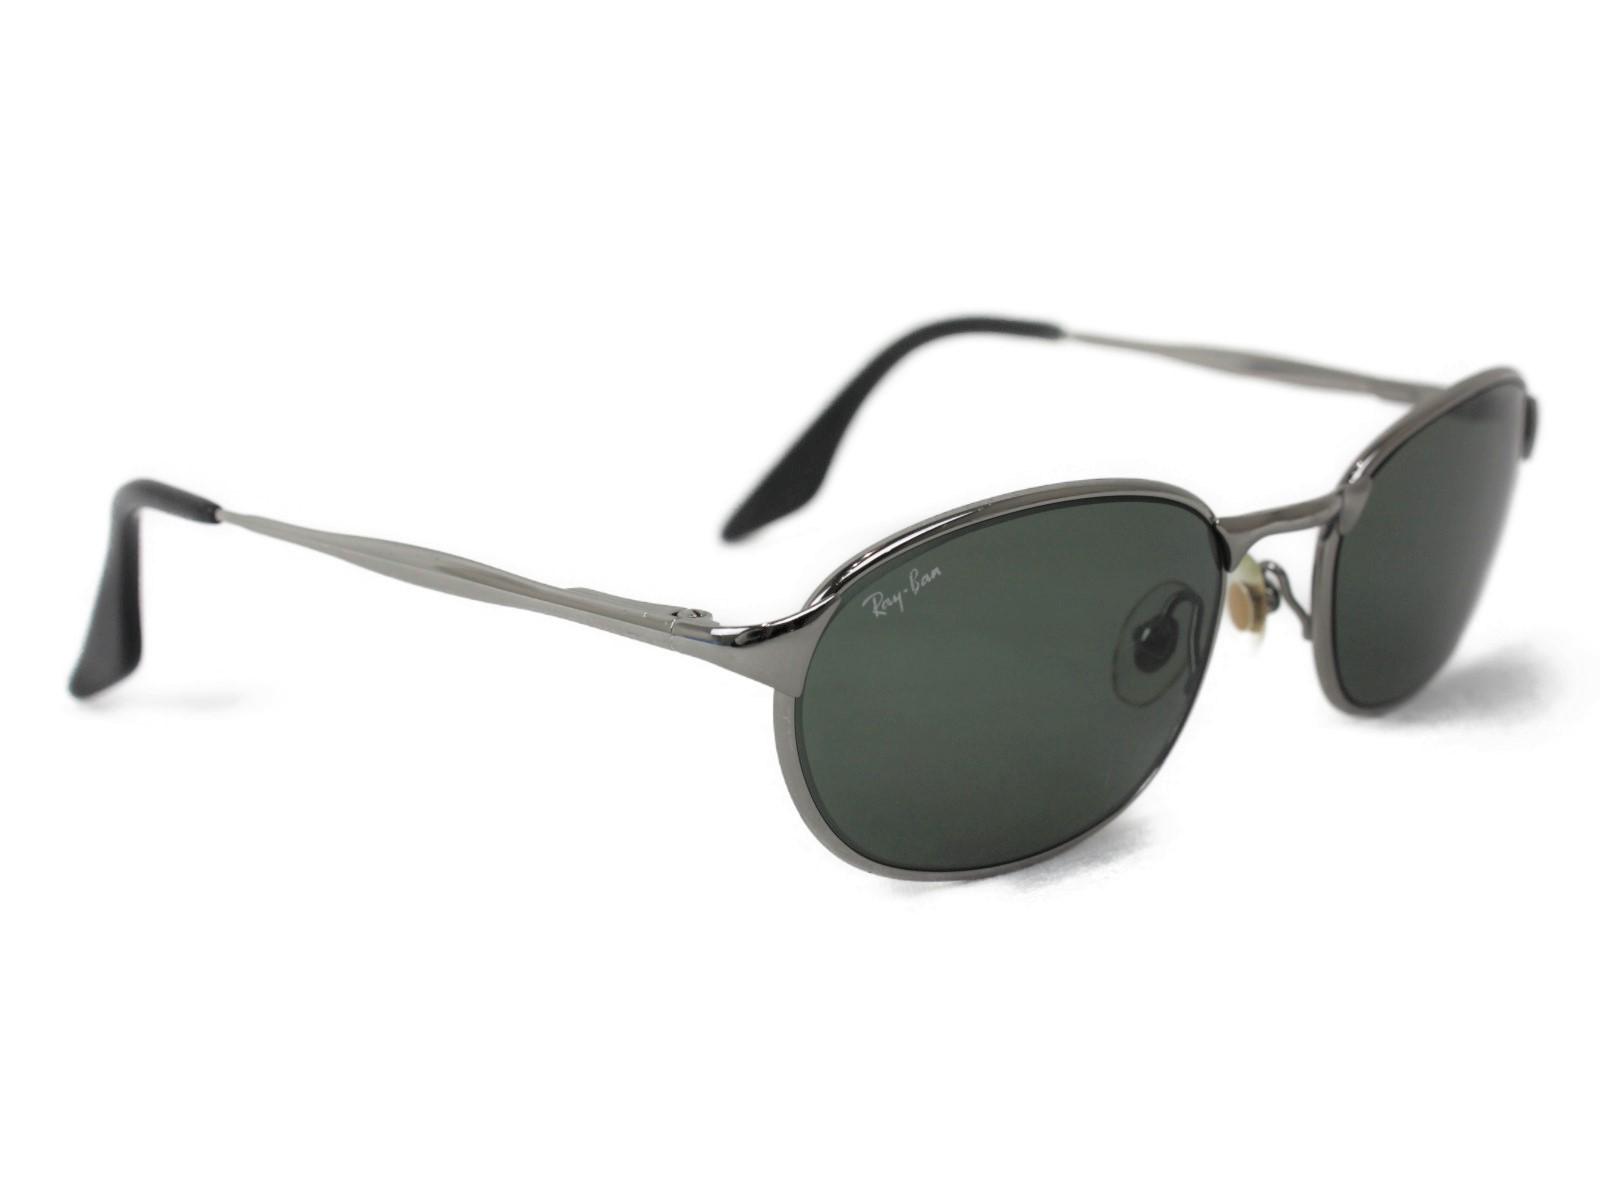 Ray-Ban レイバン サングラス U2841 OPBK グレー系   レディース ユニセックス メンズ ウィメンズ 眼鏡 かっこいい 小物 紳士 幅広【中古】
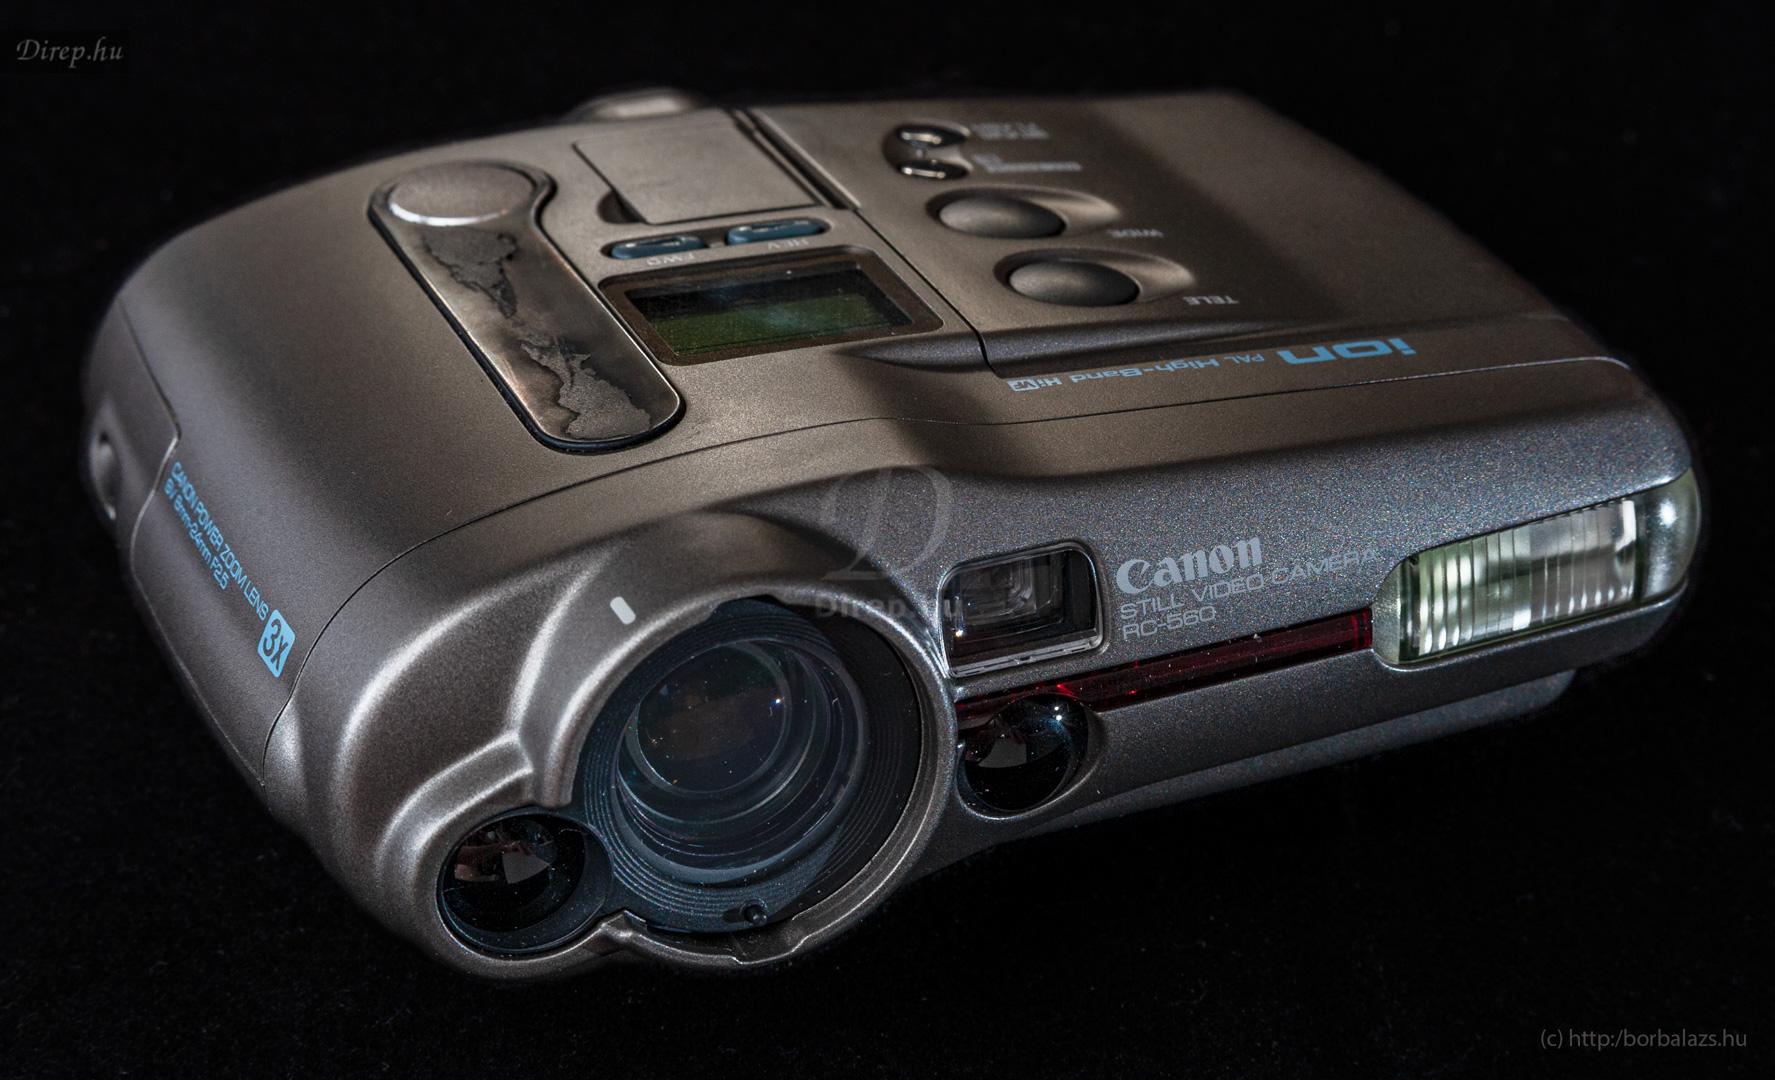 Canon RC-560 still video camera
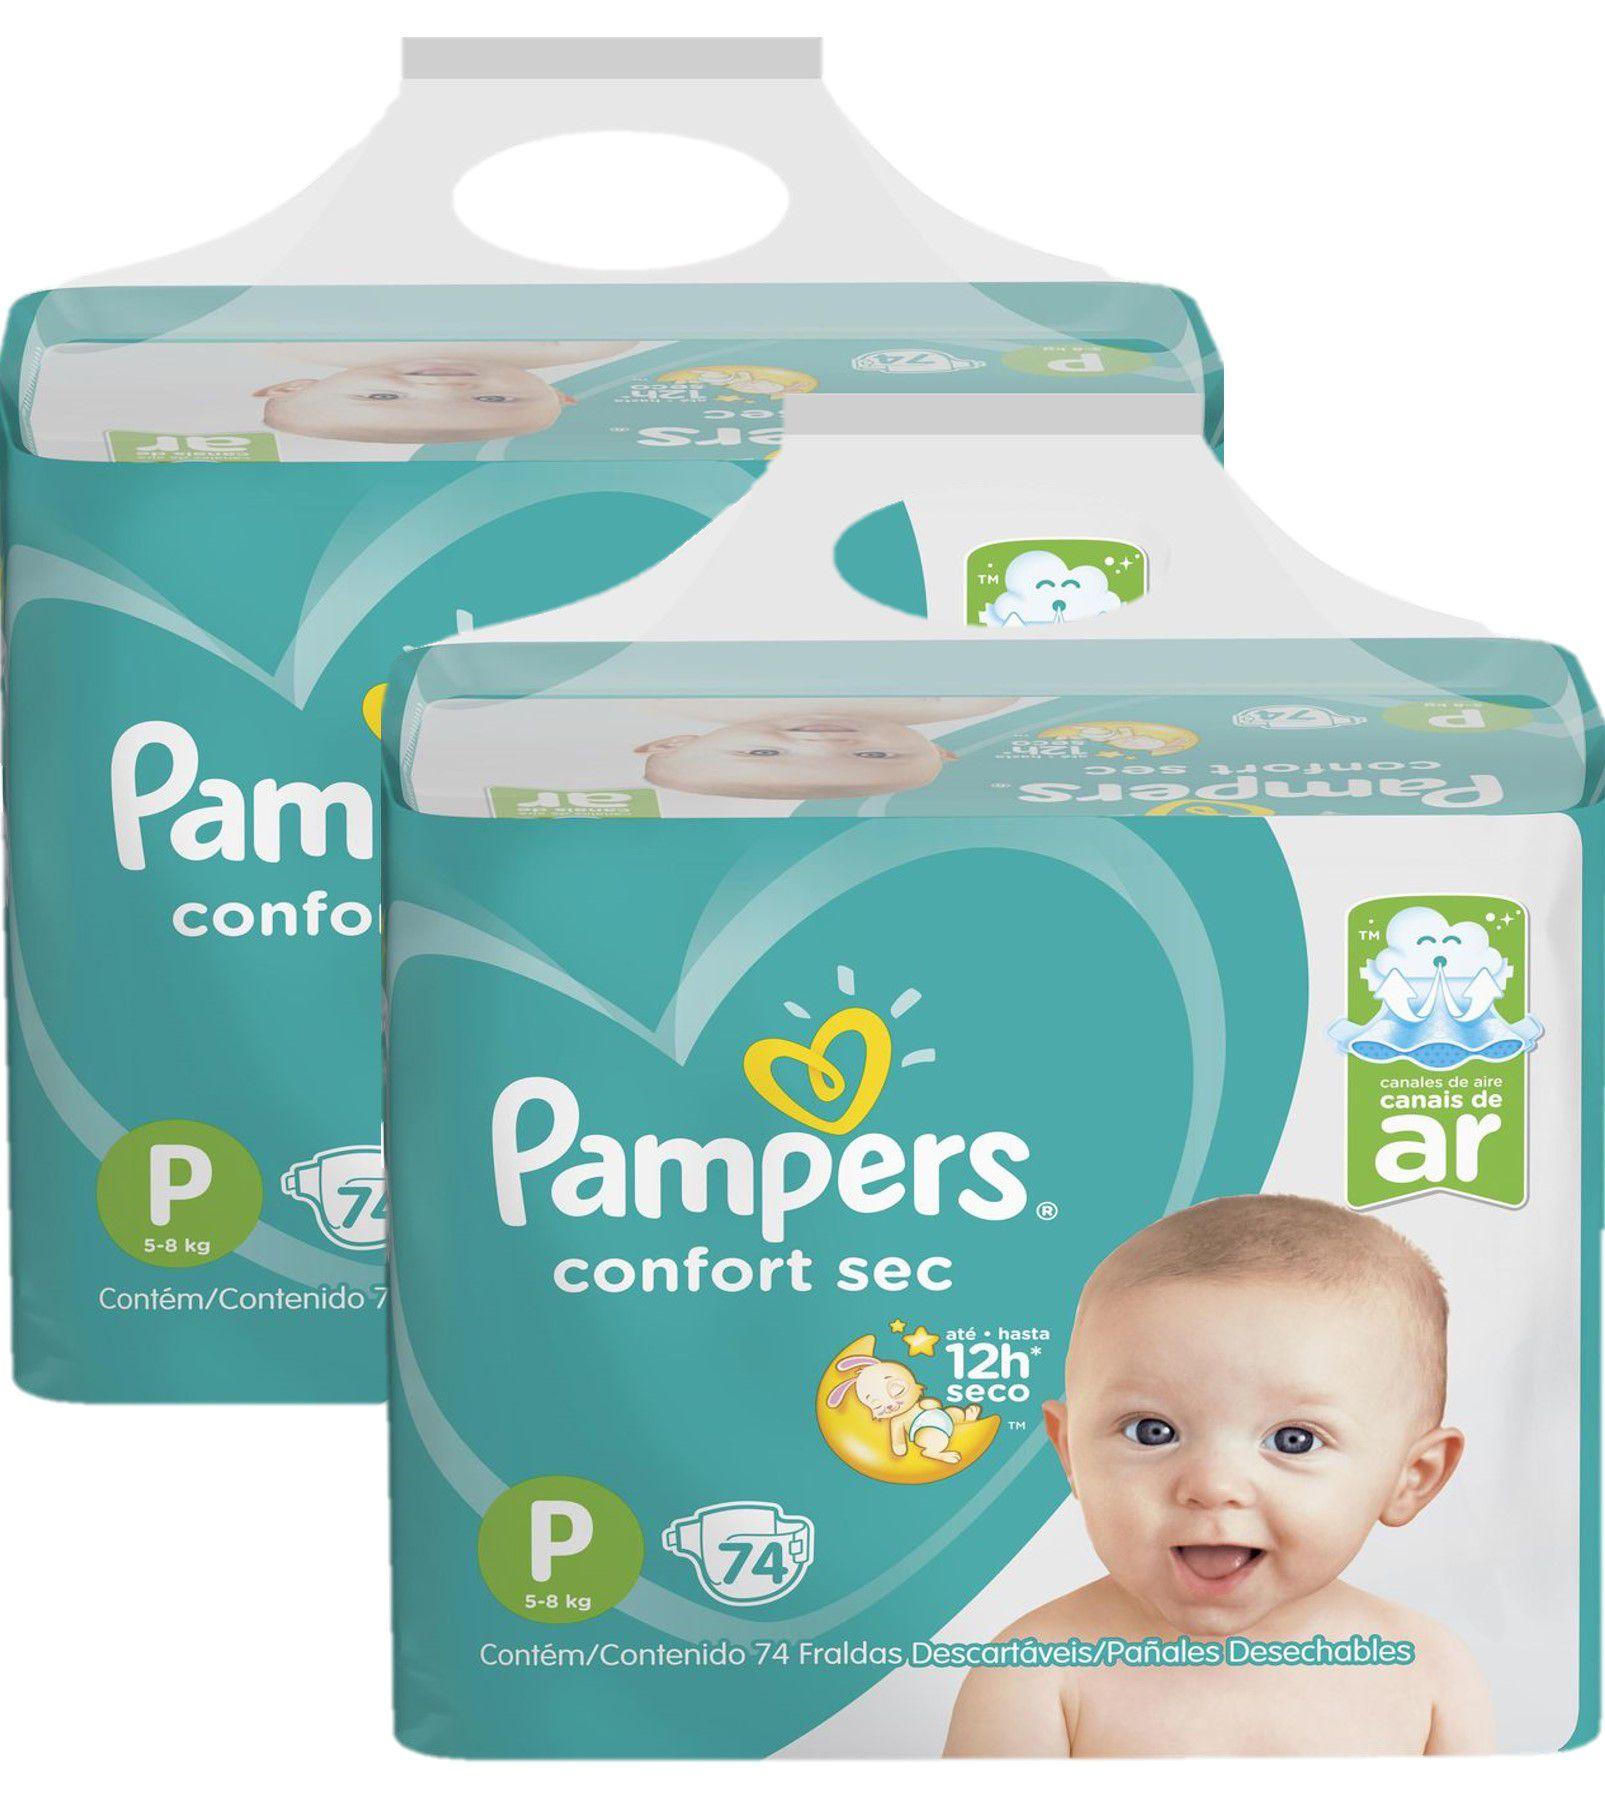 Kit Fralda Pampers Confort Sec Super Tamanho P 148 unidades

★ ★ ★

Omit the pictures and write out the remaining data exactly.

 Ray-Ban レイバン サングラス U2841 OPBK グレー系   レディース ユニセックス メンズ ウィメンズ 眼鏡 かっこいい 小物 紳士 幅広【中古】
 Canon RC-560 still video camera
 Kit Fralda Pampers Confort Sec Super Tamanho P 148 unidades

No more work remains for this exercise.